# Exercise prompt
Output only the stretch of the listing that starts at the line containing "Der Pulverturm in Feldkirch von außen" and ends at the line containing "Em primeiro plano, vemos", reproduced exactly with both ends.

# Supplied data
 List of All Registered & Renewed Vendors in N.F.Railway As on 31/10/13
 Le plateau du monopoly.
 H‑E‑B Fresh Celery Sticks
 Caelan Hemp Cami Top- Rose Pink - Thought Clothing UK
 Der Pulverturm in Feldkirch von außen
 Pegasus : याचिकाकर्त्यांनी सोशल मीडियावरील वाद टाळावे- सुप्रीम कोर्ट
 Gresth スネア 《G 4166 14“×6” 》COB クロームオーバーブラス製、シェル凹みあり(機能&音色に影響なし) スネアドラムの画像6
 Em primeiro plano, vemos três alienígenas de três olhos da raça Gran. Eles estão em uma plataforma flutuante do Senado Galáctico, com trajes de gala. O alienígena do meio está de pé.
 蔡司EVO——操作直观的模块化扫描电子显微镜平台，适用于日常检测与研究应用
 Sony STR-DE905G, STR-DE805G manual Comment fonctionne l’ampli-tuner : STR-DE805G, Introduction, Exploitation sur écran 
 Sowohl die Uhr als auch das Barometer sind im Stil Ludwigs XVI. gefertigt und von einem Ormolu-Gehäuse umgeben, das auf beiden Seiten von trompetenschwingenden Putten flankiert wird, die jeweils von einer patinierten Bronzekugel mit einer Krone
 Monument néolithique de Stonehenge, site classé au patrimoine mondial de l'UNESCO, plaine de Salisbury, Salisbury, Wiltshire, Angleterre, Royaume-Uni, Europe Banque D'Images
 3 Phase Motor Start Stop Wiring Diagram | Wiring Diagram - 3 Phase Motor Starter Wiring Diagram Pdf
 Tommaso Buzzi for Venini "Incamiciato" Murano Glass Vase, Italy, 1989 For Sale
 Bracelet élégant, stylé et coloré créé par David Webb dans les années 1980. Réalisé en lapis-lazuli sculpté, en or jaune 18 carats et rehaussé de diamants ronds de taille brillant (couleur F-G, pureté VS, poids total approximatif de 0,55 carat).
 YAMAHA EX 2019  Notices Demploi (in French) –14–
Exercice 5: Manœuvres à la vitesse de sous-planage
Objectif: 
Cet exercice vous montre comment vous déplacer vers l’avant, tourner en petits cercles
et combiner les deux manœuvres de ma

# Written answer
 Der Pulverturm in Feldkirch von außen
 Pegasus : याचिकाकर्त्यांनी सोशल मीडियावरील वाद टाळावे- सुप्रीम कोर्ट
 Gresth スネア 《G 4166 14“×6” 》COB クロームオーバーブラス製、シェル凹みあり(機能&音色に影響なし) スネアドラムの画像6
 Em primeiro plano, vemos três alienígenas de três olhos da raça Gran. Eles estão em uma plataforma flutuante do Senado Galáctico, com trajes de gala. O alienígena do meio está de pé.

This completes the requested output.